It is hard to believe that it has already been 10 years since the Sewol ferry sinking. It just doesn’t seem like it has been that long probably because the tragedy has remained in the headlines for so long:
A commemoration ceremony is in progress at Incheon Family Park in Incheon, west of Seoul, on April 16, 2024, marking the 10th anniversary of the deadly sinking of the ferry Sewol. (Yonhap)
Bereaved families and government officials commemorated the victims of the deadly sinking of the ferry Sewol on Tuesday, marking the 10th anniversary of one of the country’s worst maritime disasters.
Interior Minister Lee Sang-min and Incheon Mayor Yoo Jeong-bok were among the about 200 people who attended the commemoration ceremony in Incheon Family Park in Incheon, west of Seoul, where the ashes of 44 victims killed in the maritime accident are enshrined.
Including them, a total of 304 people, mostly high school students on a school field trip, were killed as the 6,800-ton ship sank off the southwestern coast on April 16, 2014.
It is amazing that it has been over eight years since the Sewol ferry disaster and legal actions are still happening:
Lee Byung-kee, former chief of staff of the Park Geun-hye administration, talks to the press after his trial at the Seoul Central District Court in Seocho District, southern Seoul, on Wednesday. [YONHAP]
Nine officials that worked under President Park Geun-hye were acquitted on charges of obstructing the investigation into the tragic sinking of the Sewol ferry that killed more than 300 people in 2014, many of them students on a school trip.
The officials, which included Lee Byung-kee, chief of staff of President Park, were accused of obstructing a special committee that was formed in 2015 to investigate the Sewol ferry tragedy, including the 7 hours President Park was reportedly missing.
All nine former officials were indicted without detention in May 2020 on charges of obstructing the appointment of a key official on the committee, the dispatch of 17 public officials and ending the investigation period of the committee prematurely.
The Seoul Central District Court said while it acknowledge some of the acts were committed, it noted that the investigation did not go into detail to prove who or how those acts violated the law.
The court acquitted them on the charges for lack of evidence in proving any malfeasance.

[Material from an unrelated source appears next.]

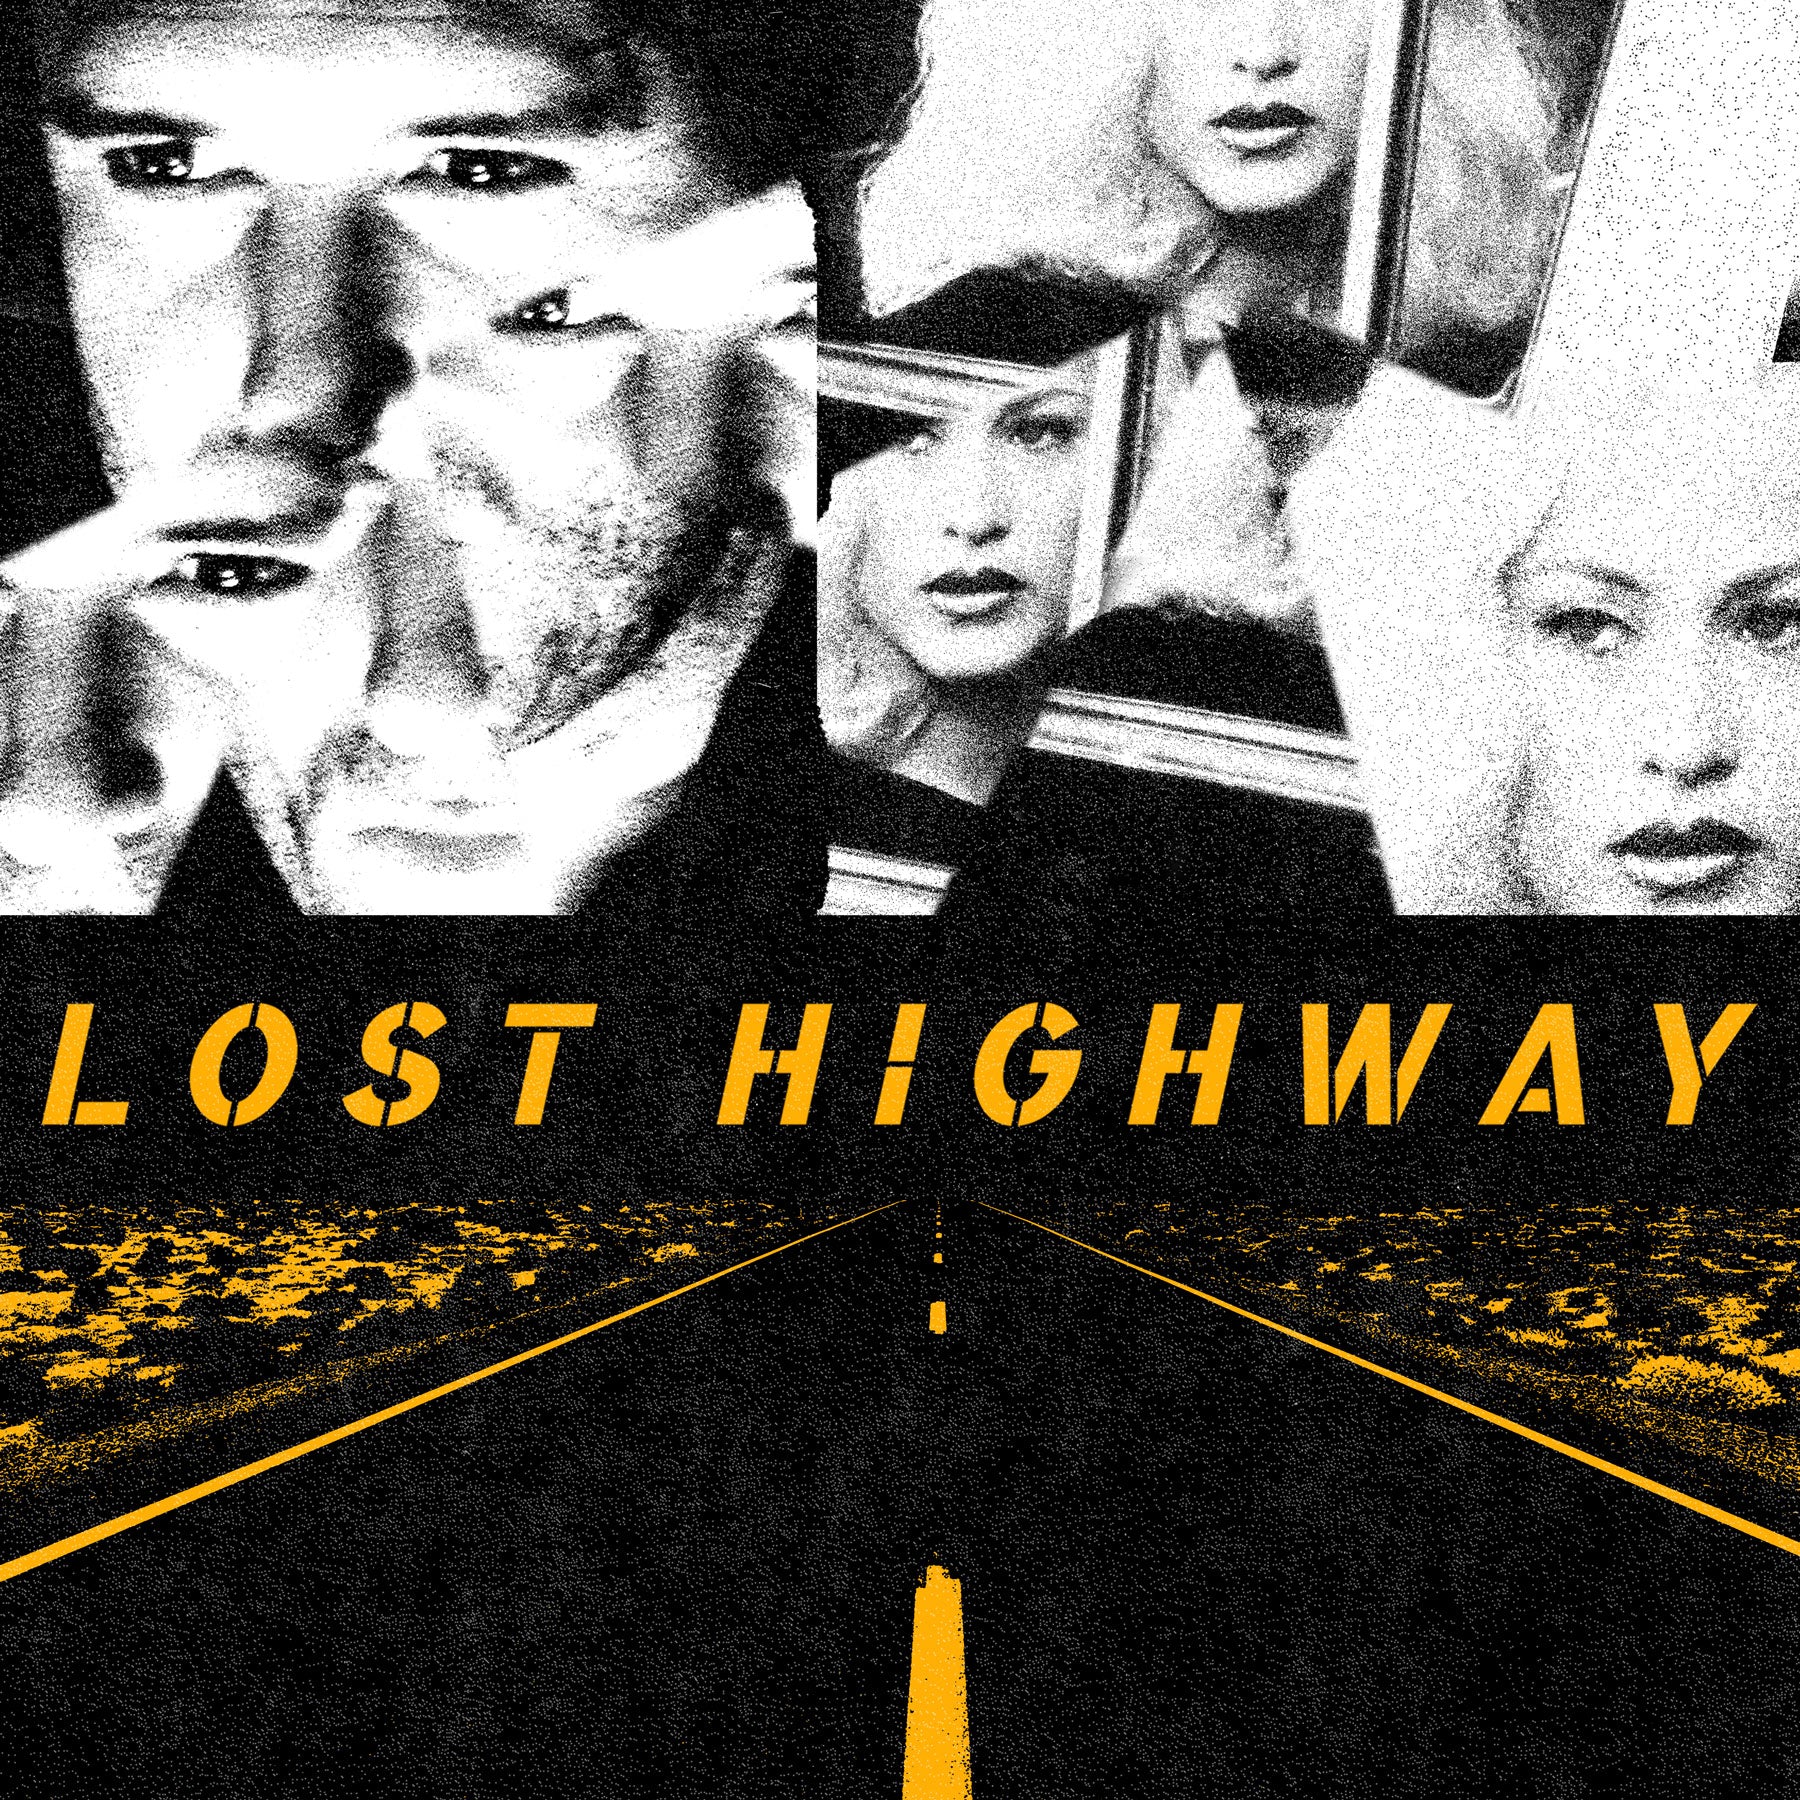 Lost Highway – Waxwork Records
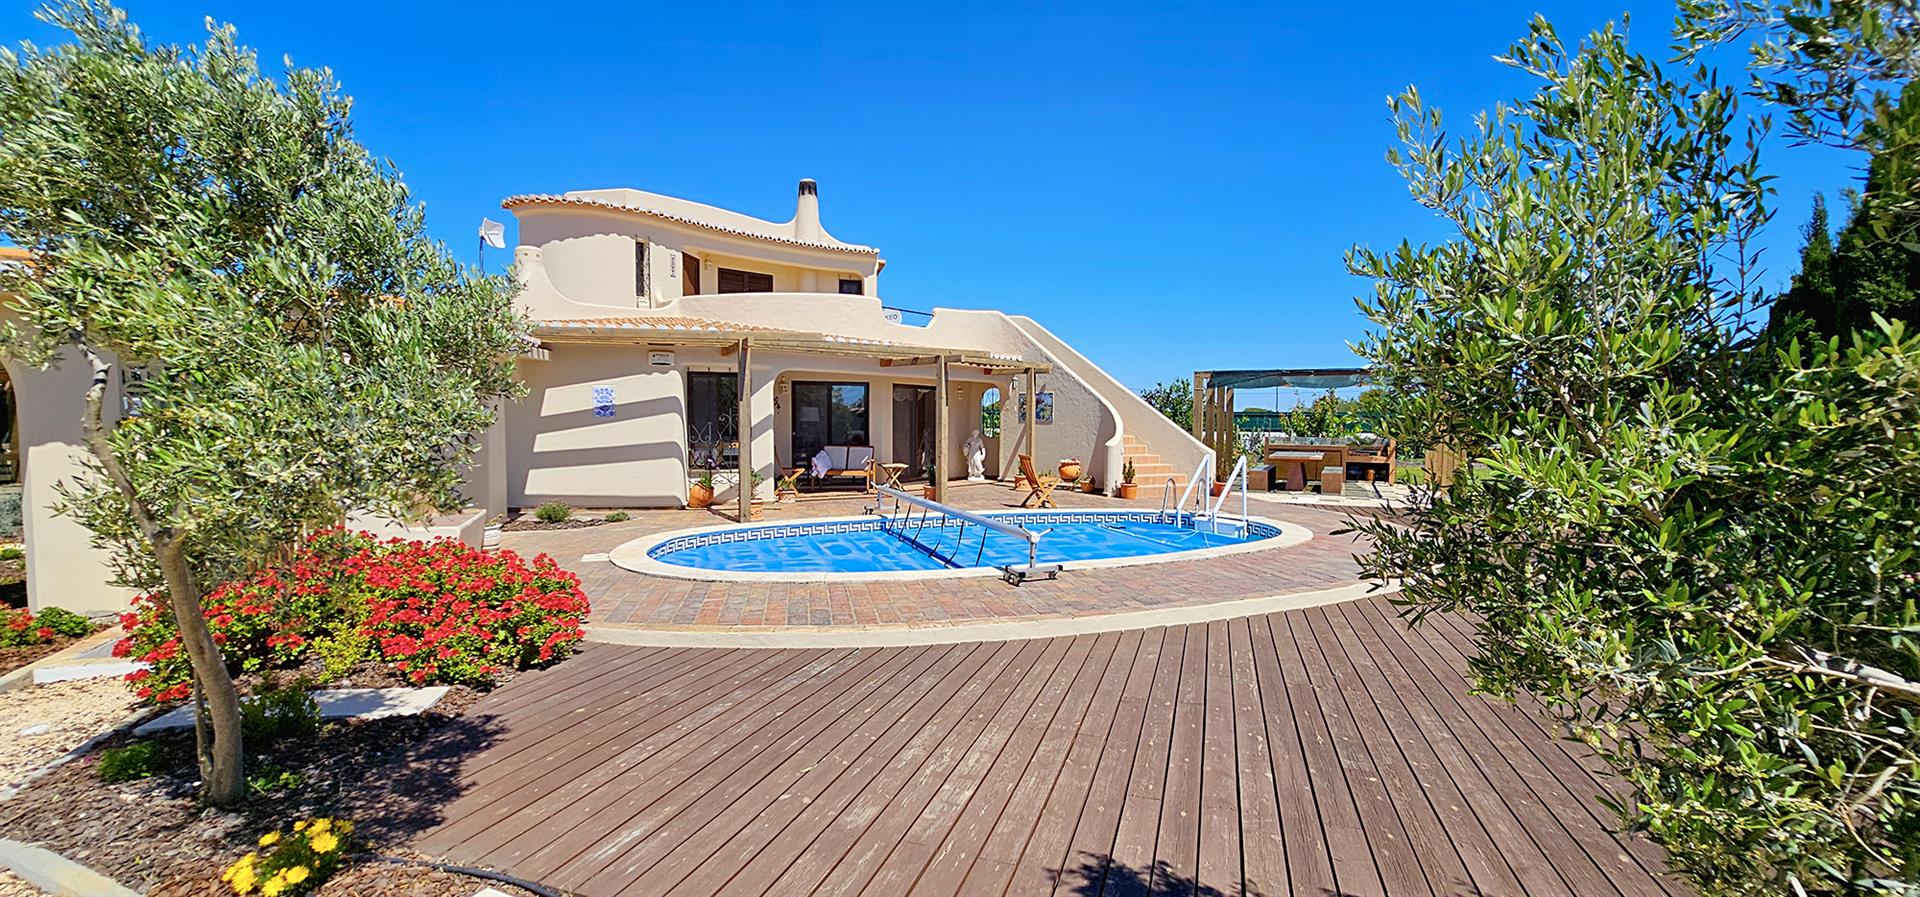 Välkommen till ditt framtida hem i vackra Algarve

You can read more at the link, but basically what these officials were being accused of was trying to cover up former President Park’s actions the day of the Sewol tragedy, the so called missing seven hours. Media speculation said she was having botox treatments or even an affair during the missing seven hours. None of this was true when an investigation by the Moon administration showed she was meeting with the infamous Choi Soon-shil and getting her hair done and the report of the accident was left on a note outside her door.
Even if she was notified immediately it would not have made a difference on what happened that day. If a rescue was going to happen it was going to have to be by first responders from the ROK Coast Guard. The Coast Guard office in Mokpo immediately sent a vessel to the accident site after receiving emergency phone calls from passengers. The vessel arrived at the scene before the sinking, but did not order the passengers to evacuate. This contributed to the various reasons why so many people died when the Sewol sunk.
Regardless the official timeline is not flattering towards President Park and apparently her staff tried to shield her from scrutiny and thus the legal actions that were taken against them by the follow on Moon administration.
It seems to me it would be a difficult precedent to start by holding first responders criminally responsible every time an emergency operation does not go well. Who would want to take the risk of being a first responder then? It appears that the Seoul court agrees with that assessment:
A Seoul court on Monday acquitted a former maritime police chief of mishandling the rescue operation during the sinking of the Sewol ferry in 2014 that killed more than 300 people.
The Seoul Central District Court found Kim Suk-kyoon, then-chief of the Korea Coast Guard, not guilty of professional negligence in one of the country’s worst peacetime disasters.
Nine others, who were in key posts of the organization at that time, were also acquitted of the same charge.